We started to look for a new dog friend.  We each saw him, at different times, but we emailed this photo to each other saying "What do you think of this one." And just so happened, we were drawn to the same puppy!!

Here is the first photo we ever saw of him. 






Here he is on his first day with us. We picked him up from LAX. Since it was still too hot in September for him to be shipped to us in Tucson. 

His first of many smiles!







And here he is two weeks later!






Here is another big smile, on a "big bye bye" trip to Eagle CO to visit my daughter and her husband. Back in 2005. He loves to perch on the console and look out the windshield.
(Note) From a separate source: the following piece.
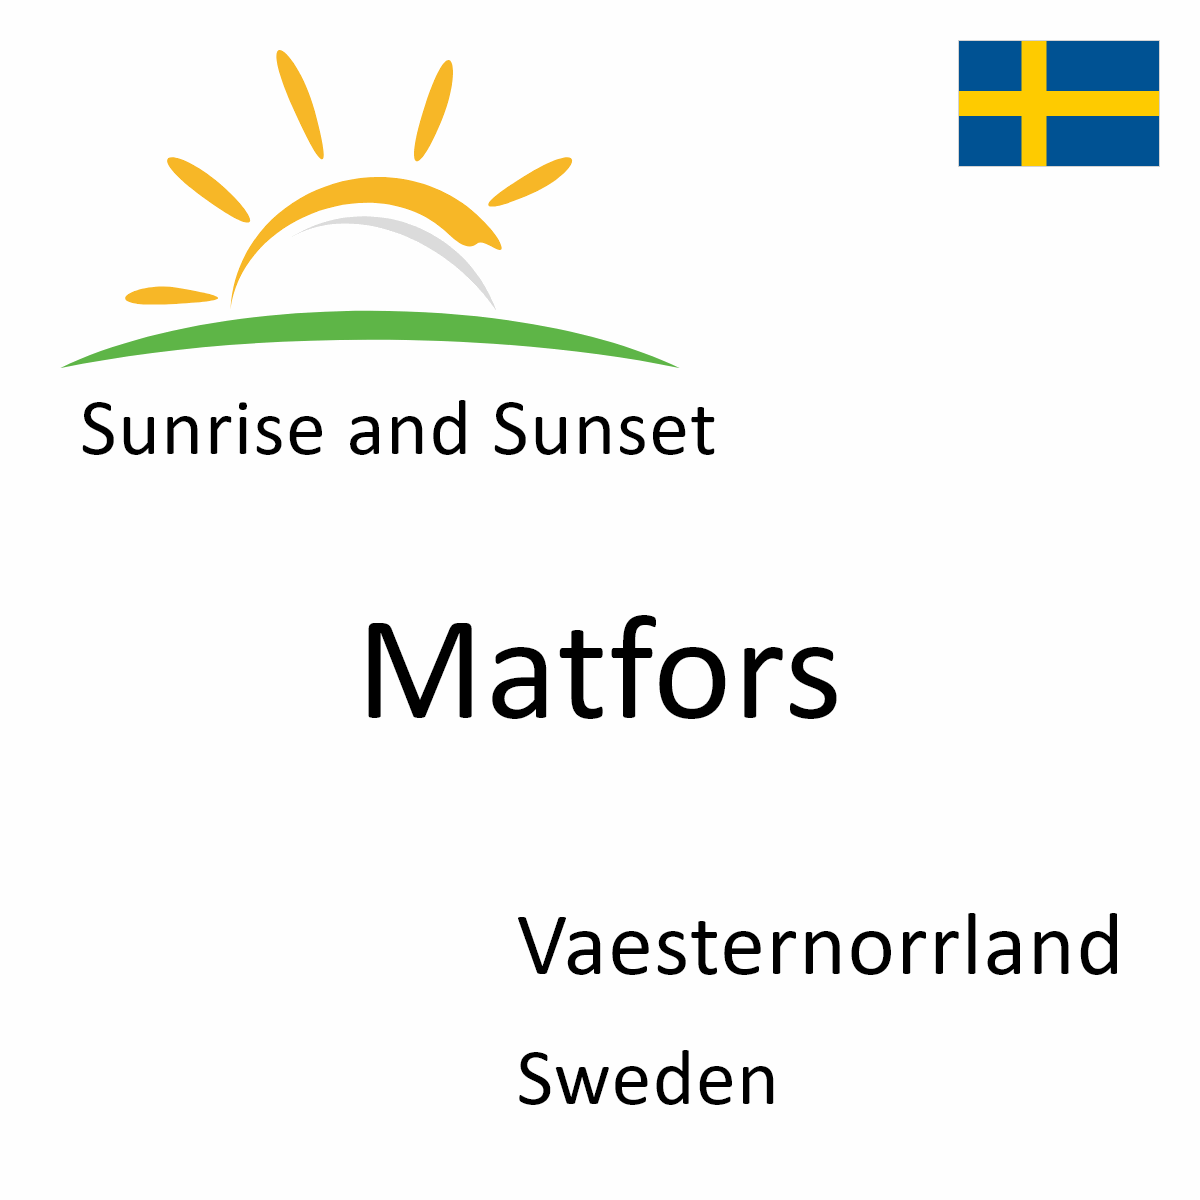 Matfors dating sweden

I will take him shopping for his birthday present on Friday. Last year for his birthday, we went to the feedstore and he picked out a stuffed cat!  We spent over 30 minutes looking at different dog toys. But, when he saw that cat! He barked loudly and said "This is it!" Then grabbed it out of my hand and decided he was keeping it!!

Here he is today with his Kitty Toy... I said, "Where is your Kitty Toy?" He went to the toybox and brought it to me.






Then I said, "Can you get that Kitty?"  And here he is "getting" the Kitty...(sorry for the feline abuse) Though, he never really hurts his kitty.






The first time Rich took him to PetsMart, Spartacus picked out a toy he wanted. A stuffed little person shape. Here he is when he first brought it home. He was only 4 months old. December of 2004






And here he is taking a nap with the same toy two years later. In December 2006.
 He takes good care of his toys.






He brings us a lot of joy. He is a very good dog friend.


----------



## glenolam (Aug 4, 2010)

Happy Birthday!

What a spoiled little boy!


----------



## Rebbetzin (Aug 4, 2010)

glenolam said:
			
		

> Happy Birthday!
> 
> What a spoiled little boy!


He is a spoiled BIG boy!  He is over 150 lbs. When standing up he is eye to eye with my husband!


----------



## DonnaBelle (Aug 4, 2010)

Happy Birthday to the birthday boy!!!!!!!

Mazeltov!!!!

Thanks for the great pictures too.

DonnaBelle


----------



## TeamChaos (Aug 5, 2010)

Adorable- happiest of birthdays to you, Spartacus!


----------